When crafting your notification commands, you need to take into account what type of notification is occurring. The $NOTIFICATIONTYPE$ macro contains a string that identifies exactly that. The table below lists the possible values for the macro and their respective descriptions:

ValueDescription
PROBLEMA service or host has just entered (or is still in) a problem state. If this is a service notification, it means the service is either in a WARNING, UNKNOWN or CRITICAL state. If this is a host notification, it means the host is in a DOWN or UNREACHABLE state.
RECOVERYA service or host recovery has occurred. If this is a service notification, it means the service has just returned to an OK state. If it is a host notification, it means the host has just returned to an UP state.
ACKNOWLEDGEMENTThis notification is an acknowledgement notification for a host or service problem.
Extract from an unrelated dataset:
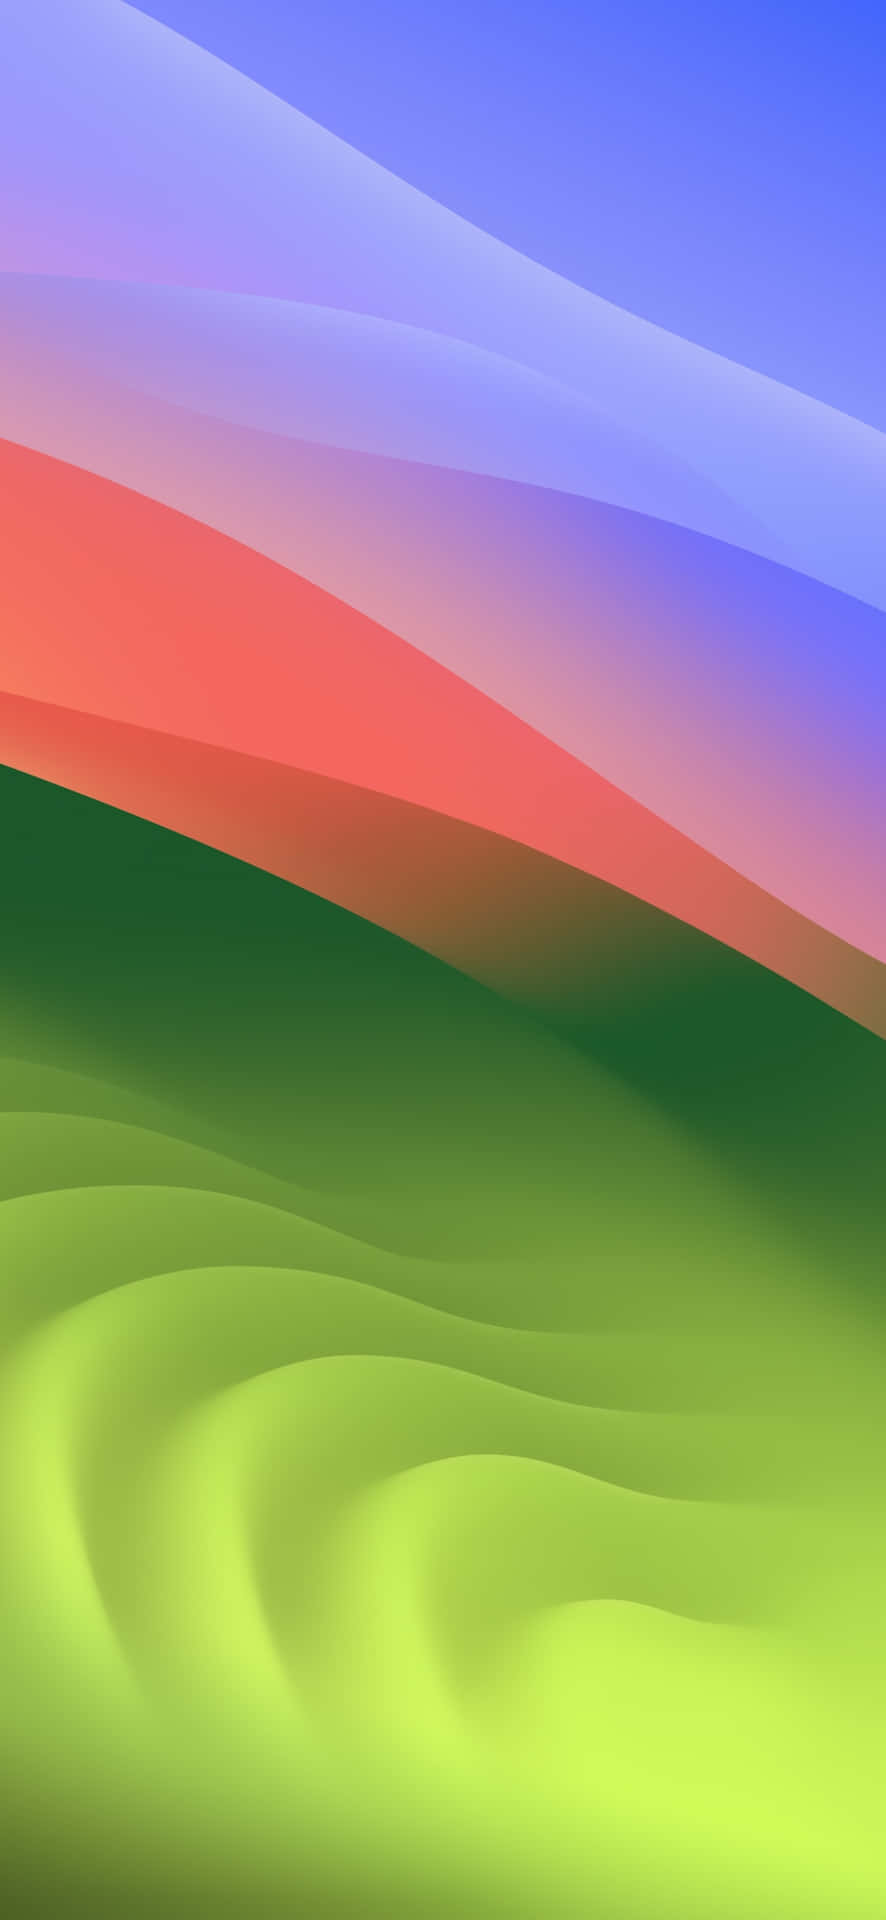 Abstract Colorful Waves Background Wallpaper

Acknowledgement notifications are initiated via the web interface by contacts for the particular host or service.
FLAPPINGSTARTThe host or service has just started flapping.
FLAPPINGSTOPThe host or service has just stopped flapping.
FLAPPINGDISABLEDThe host or service has just stopped flapping because flap detection was disabled..
DOWNTIMESTARTThe host or service has just entered a period of scheduled downtime. Future notifications will be suppressed.
DOWNTIMESTOPThe host or service has just exited from a period of scheduled downtime. Notifications about problems can now resume.
DOWNTIMECANCELLEDThe period of scheduled downtime for the host or service was just canceled. Notifications about problems can now resume.

Helpful Resources

There are many ways you could configure Naemon to send notifications out. Its up to you to decide which method(s) you want to use. Once you do that you’ll have to install any necessary software and configure notification commands in your config files before you can use them. Here are just a few possible notification methods:

  • Email
  • SMS
  • Twitter
  • Facebook, LinkedIn
  • Jabber, IRC
  • Audio alerts
  • etc...

Basically anything you can do from a command line can be tailored for use as a notification command. If you’re looking for an alternative to using email for sending messages to your pager or cellphone, check out these packages. They could be used in conjunction with Naemon to send out a notification via a modem when a problem arises. That way you don’t have to rely on email to send notifications out (remember, email may not work if there are network problems).

  • Gnokii (SMS software for contacting Nokia phones via GSM network)
  • QuickPage (alphanumeric pager software)
  • Sendpage (paging software)

If you want to try out a non-traditional method of notification, you might want to mess around with audio alerts. If you want to have audio alerts played on the monitoring server (with synthesized speech), check out Festival. If you’d rather leave the monitoring box alone and have audio alerts played on another box, check out the Network Audio System (NAS) and rplay projects.